Manacher's algorithm (unable to understand)

I was going through the editorial at cp algorithms and was unable to understand the implementation please help me.
link : Manacher's Algorithm - Finding all sub-palindromes in O(N) - Algorithms for Competitive Programming

vector<int> d1(n);
for (int i = 0, l = 0, r = -1; i < n; i++) {
    int k = (i > r) ? 1 : min(d1[l + r - i], r - i + 1);
    while (0 <= i - k && i + k < n && s[i - k] == s[i + k]) {
        k++;
    }
    d1[i] = k--;
    if (i + k > r) {
        l = i - k;
        r = i + k;
    }
}

//---------------------------------------------------------------------

vector<int> d2(n);
for (int i = 0, l = 0, r = -1; i < n; i++) {
    int k = (i > r) ? 0 : min(d2[l + r - i + 1], r - i + 1);
    while (0 <= i - k - 1 && i + k < n && s[i - k - 1] == s[i + k]) {
        k++;
    }
    d2[i] = k--;
    if (i + k > r) {
        l = i - k - 1;
        r = i + k ;
    }
}

Figure out what’s happening and then you will be able to code it by yourself .
Tbh, It’s much easier to code this by yourself than to understand it.

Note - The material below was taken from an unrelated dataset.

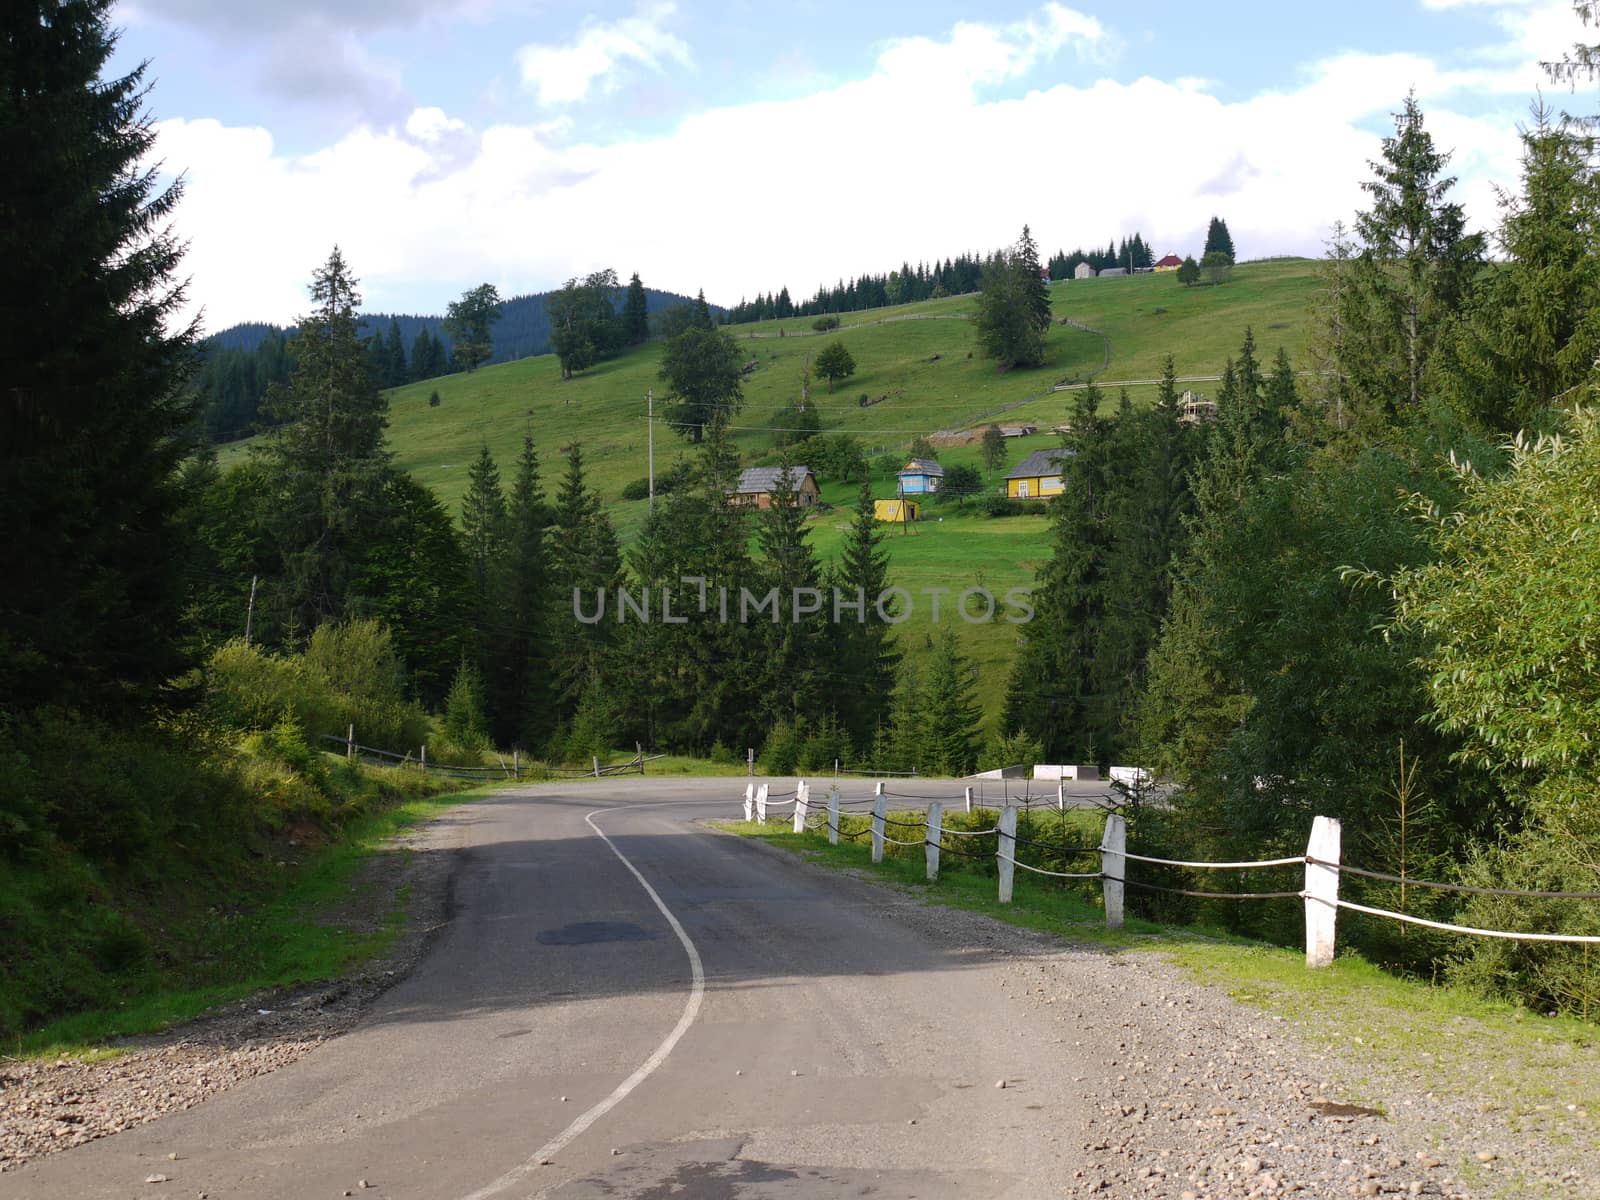 The route leading to the village consists of several dozen houses by Adamchuk

l and r are the indexes of the palindrome we found with the largest value of r.

if i is already in front of r, then we are forced to start from 1. Otherwise, we can use the other part of the palindrome to figure out the answer, since the palindrome length will be the same, at least inside the palindrome.

If the inner palindrome is completely inside, the second while loop will break immediately, because we already know that it didn’t extend for the value on the
other side.

If it extends, that means it’s at the edge and the value of r will increase.

We need to do it two times for both odd and even length palindromes.

There are a lot of “off by 1” you can make here which is why I recommend try coding it by yourself once.

oh thanks I was able to come up with the solution:

#include <iostream>
#include <vector>
using namespace std;
int main()
{
    string t;
    cin>>t;
    int n=t.length(),c=0,r=0;
    n=2*n+1;
    int p[n]={0};
    p[0]=0;
    p[1]=1;
    for(int i=2;i<n;i++)
    {
        int mir=2*c-i;
        if(i<r)
        {
            p[i]=min(r-i,p[mir]);
        }
        while( ((i + p[i]) < n && (i - p[i]) > 0) &&  ( ((i + p[i] + 1) % 2 == 0) ||  
            (t[(i + p[i] + 1)/2] == t[(i - p[i] - 1)/2] )))
        {
            p[i]++;
        }
        if(i+p[i]>r)
        {
            c=i;
            r=i+p[i];
        }
    }
    for(int y:p)
    {
        cout<<y<<" ";
    }
    return 0;
}